🤖 AI Summary
To address label noise in object detection—primarily arising from annotator subjectivity, especially under ambiguous boundaries or occlusion—this paper proposes a lightweight and robust training paradigm. Methodologically, it first leverages foundation models (e.g., SAM or CLIP) to pre-correct raw bounding-box annotations, thereby mitigating boundary uncertainty. It then integrates a multiple-instance learning (MIL) framework to relax reliance on precise box-level supervision. Finally, only the detection head is fine-tuned, enabling efficient adaptation in few-shot settings. The approach achieves state-of-the-art performance on both standard and few-shot detection benchmarks, significantly outperforming existing label-noise mitigation methods. Its key contributions include: (i) the first use of foundation models for annotation pre-correction in detection; (ii) synergistic coupling of MIL with foundation-model-guided refinement; and (iii) high efficiency, architectural simplicity, and strong generalization—particularly under data-scarce conditions.
📝 Abstract
Collecting high quality data for object detection tasks is challenging due to the inherent subjectivity in labeling the boundaries of an object. This makes it difficult to not only collect consistent annotations across a dataset but also to validate them, as no two annotators are likely to label the same object using the exact same coordinates.
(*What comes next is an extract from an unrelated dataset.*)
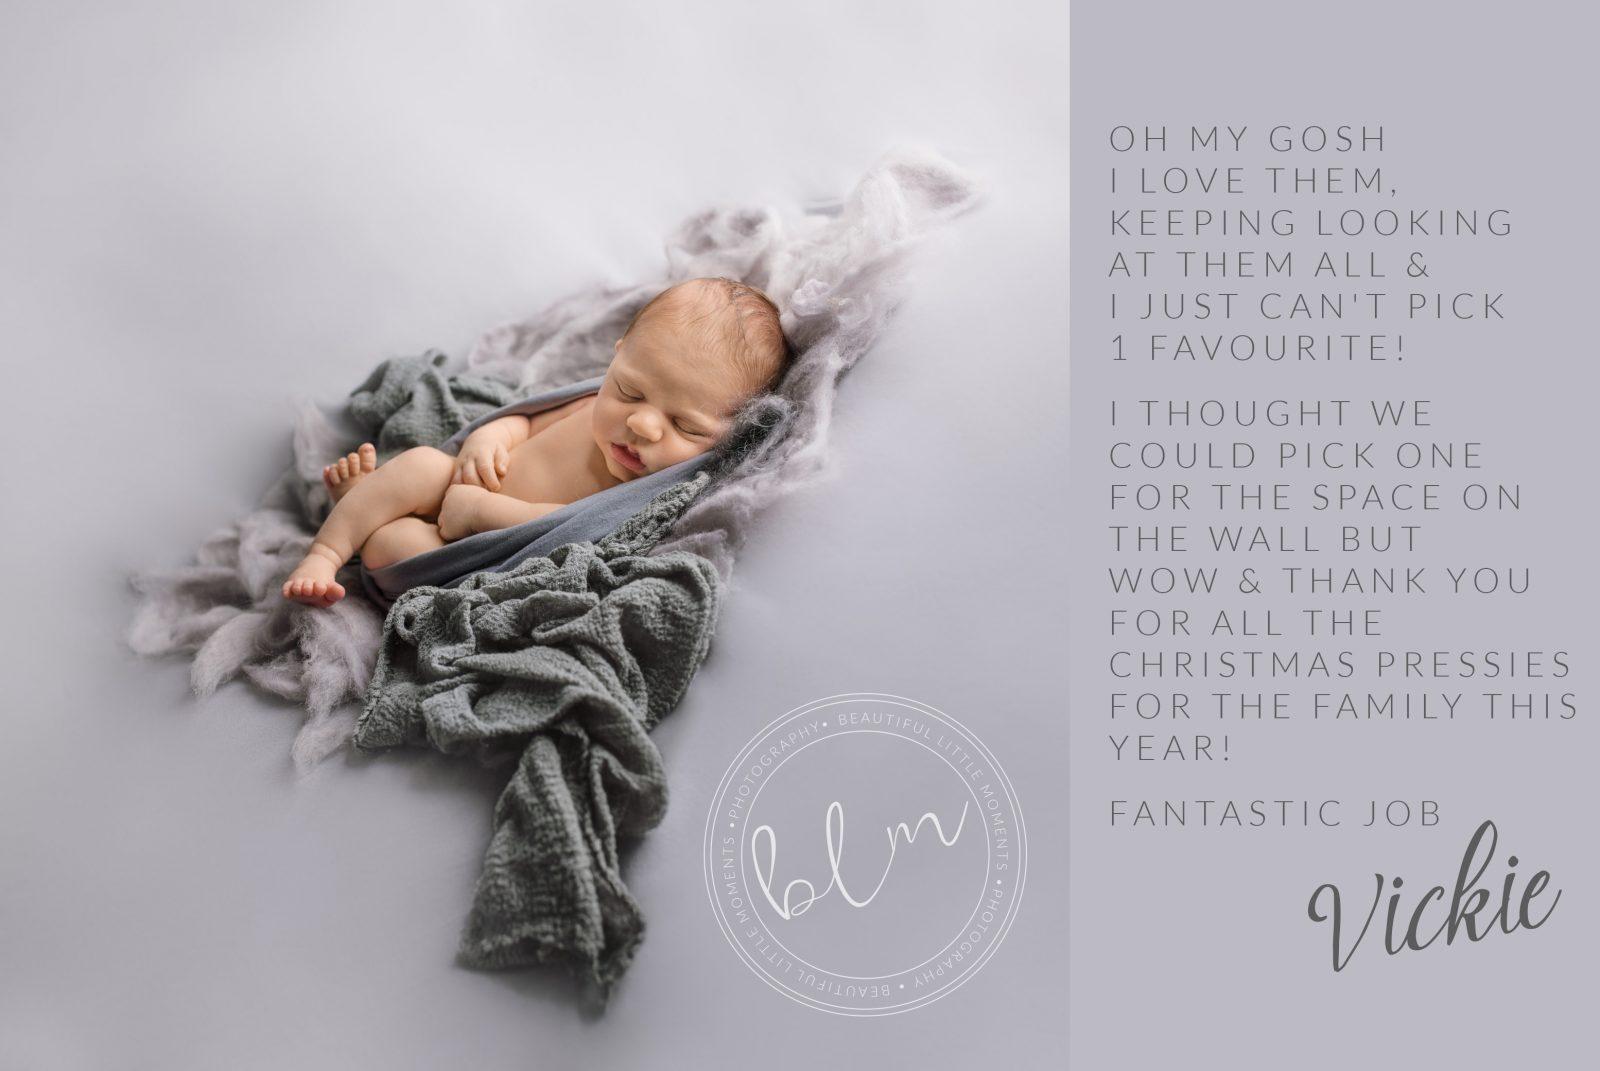 kind-words-testimonial-newborn

These challenges are further compounded when object boundaries are partially visible or blurred, which can be the case in many domains. Training on noisy annotations significantly degrades detector performance, rendering them unusable, particularly in few-shot settings, where just a few corrupted annotations can impact model performance. In this work, we propose FMG-Det, a simple, efficient methodology for training models with noisy annotations. More specifically, we propose combining a multiple instance learning (MIL) framework with a pre-processing pipeline that leverages powerful foundation models to correct labels prior to training. This pre-processing pipeline, along with slight modifications to the detector head, results in state-of-the-art performance across a number of datasets, for both standard and few-shot scenarios, while being much simpler and more efficient than other approaches.